Fransch Vlaanderen
Merkwaardig Herstel.
‘Het Noorden’, zoo schrijft de heer Jean Serge Debus in een onlangs te Rijsel verschenen boek La Grande Leçon (De groote les) ‘heeft zich naar lichaam en ziel verjongd en vernieuwd.’
Veel Nederlanders denken bij het woord Fransch Vlaanderen het eerst aan de Westelijke vlakte met haar arme landbevolking en vergeten, dat Fransch Vlaanderen voor een deel tevens beteekent: het aanzienlijke Noorder departement met zijn sterke nijverheid, zijn hardwerkende fabrikanten en arbeiders, zijn geestelijken vooruitgang. Het boek van den heer Debus is geschikt, dezulken uit den droom te helpen. Wie Blachons ‘Pourquoi j'aime la Flandre’ gelezen heeft, moet ook van dit laatstverschenen lofschrift kennis nemen! Hij zal dan nog beter beseffen, wat dit gewest voor Frankrijk beteekent; hij zal er uit vernemen, dat het aan Frankrijk veel meer geeft, dan het van het vaderland ontvangt. De departementen van het Noorden en het Nauw van Kales werden van alle tien departementen het hevigst door den wereldoorlog getroffen; 45 t.h. van alle door dien strijd veroorzaakte schaden vielen hier: 38 milliarden franken op de 84. De getroffenen hebben welhaast bovenmenschelijk geduld getoond. Zij ontvingen 34½ milliard aan schadevergoedingen, maar wat zegt dit tegenover al het leed, al de persoonlijke offers, die zij brachten! Dit zwaar getroffen land, waar volstrekt nog niet alle sporen van verwoesting zijn uitgewischt, kost thans niets meer aan den staat, maar voltooit zelf zijn herstel en herneemt zijn plaats vooraan bij de Fransche departementen. Het geboortecijfer is er weer het hoogst; het brengt de meeste belastingen op. Zelfs wat weldadigheidswerk betreft, staat het als van ouds bovenaan. De begrooting van maatschappelijke werken is er hooger dan in andere gewesten; tuinsteden worden aangelegd, volkstuinen beschikbaar gesteld; wat het aantal scholen betreft, kan het met alle andere departementen wedijveren.
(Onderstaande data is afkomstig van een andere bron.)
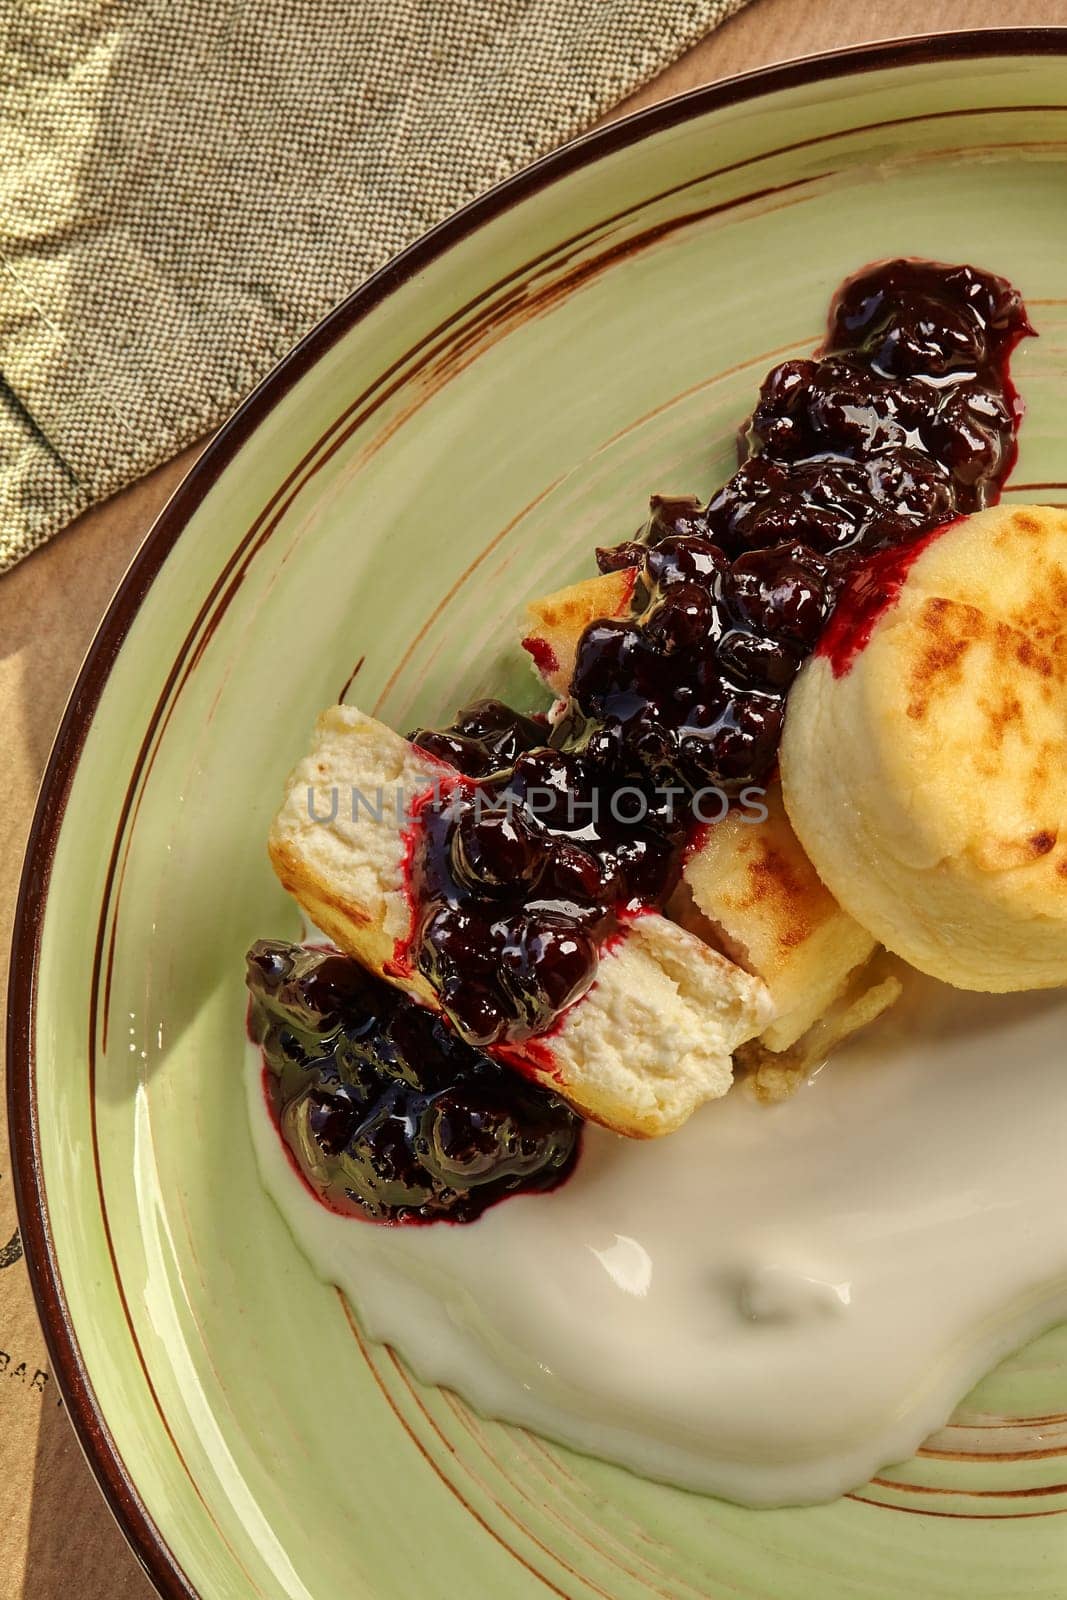 Homemade sweet syrniki ith creamy cheese cream and berries by nazarovsergey

De schrijver doet uitkomen, dat men te Parijs niet genoeg de inspanning waardeert, waarmee de bevolking zich weder naar boven heeft gewerkt. Moest men de Parijsche bladen gelooven, dan beteekent le Nord slechts: enkele groote ondernemers; het land van de wol en de katoen. Men vergeet bijv., dat dit gewest het meeste graan voortbrengt en dat de landbouw er van niet minder beteekenis is dan de nijverheid. Te weinig oog heeft men ook voor de geestelijke en zedelijke krachten, hier aan het werk. De minister van Arbeid heeft beter inzicht getoond, toen hij erkende, dat het geldelijk herstel onmogelijk zou zijn geweest, indien de bevolking niet zulk een taaie werkkracht en zulk een door niets neer te drukken volharding had bezeten. ‘Wie Nord zegt, zegt arbeid, zegt spaarzaamheid’, verklaarde de minister.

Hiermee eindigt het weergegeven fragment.